---------- Data below
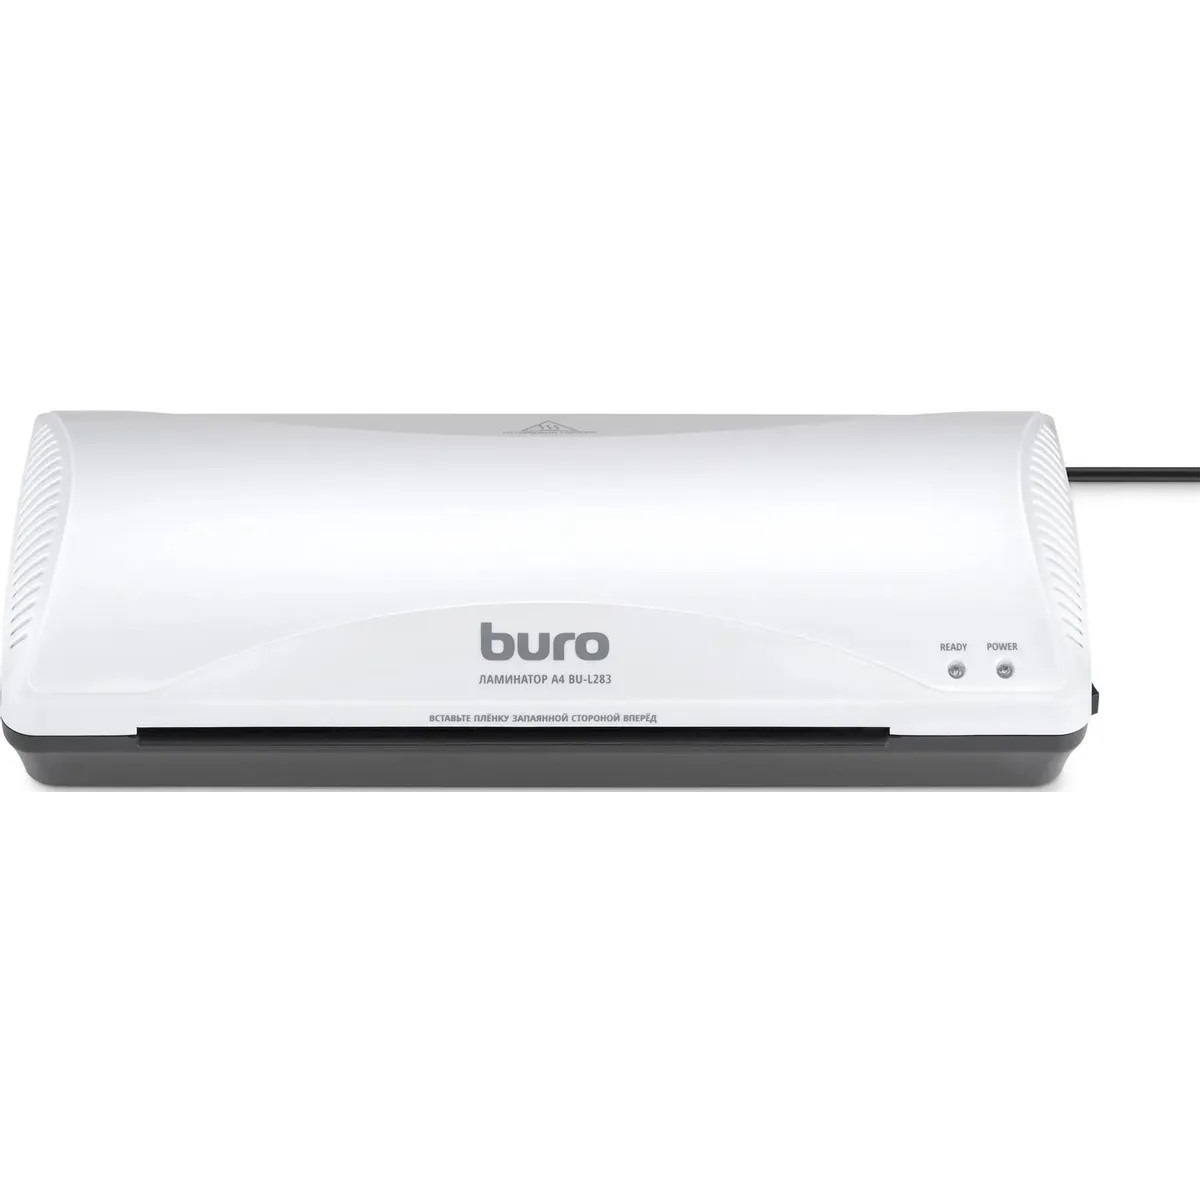 Ламинатор Buro BU-L283, белый
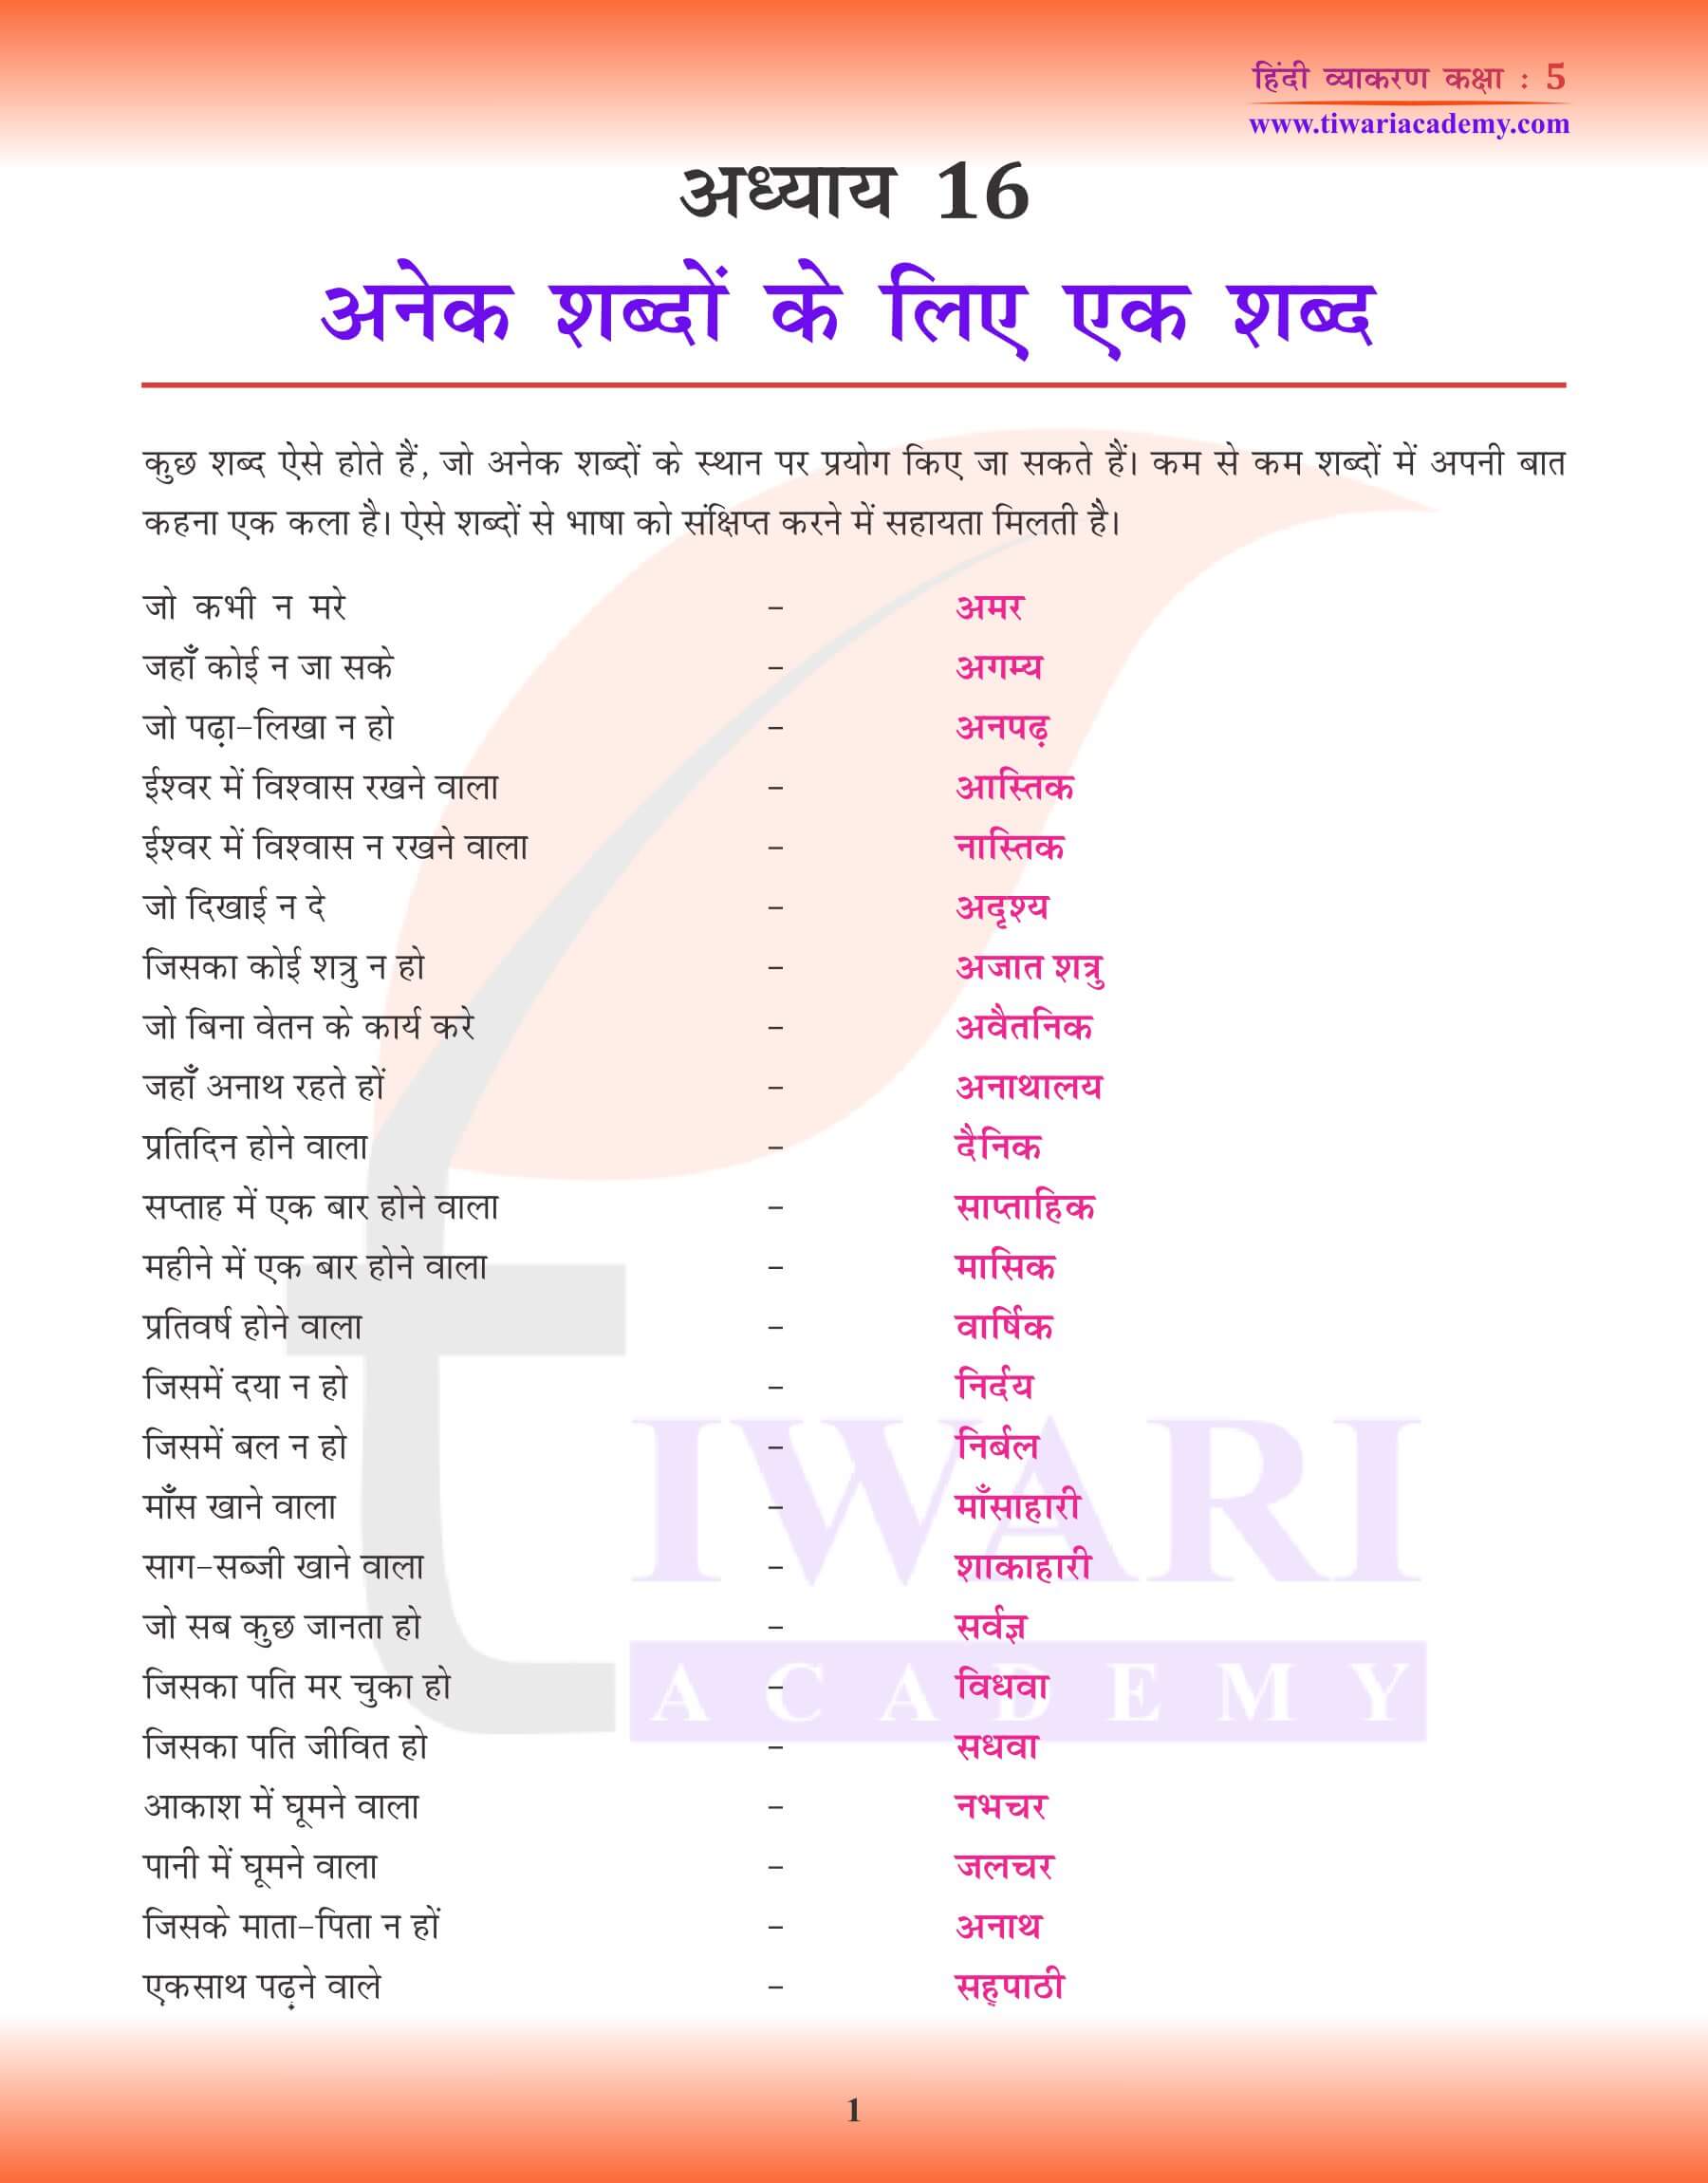 हिंदी व्याकरण में अनेक शब्दों के लिए एक शब्द
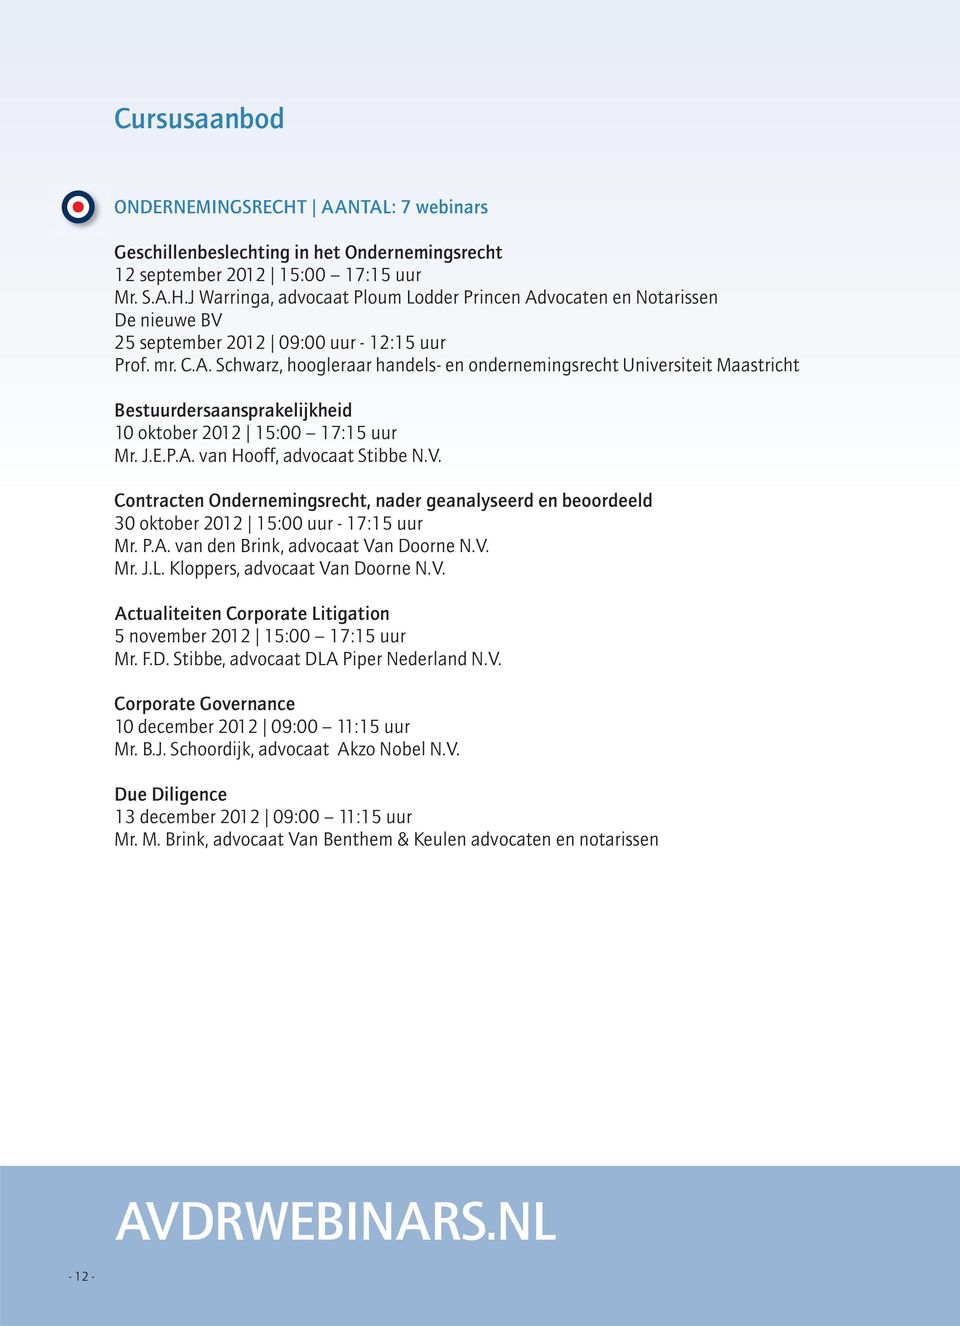 Contracten Ondernemingsrecht, nader geanalyseerd en beoordeeld 30 oktober 2012 15:00 uur - 17:15 uur Mr. P.A. van den Brink, advocaat Va
--------------------
What is required
Each line of the material goes into your copy unchanged, but no picture does.

Task result
 Ламинатор Buro BU-L283, белый
 हिंदी व्याकरण में अनेक शब्दों के लिए एक शब्द
 Contracten Ondernemingsrecht, nader geanalyseerd en beoordeeld 30 oktober 2012 15:00 uur - 17:15 uur Mr. P.A. van den Brink, advocaat Va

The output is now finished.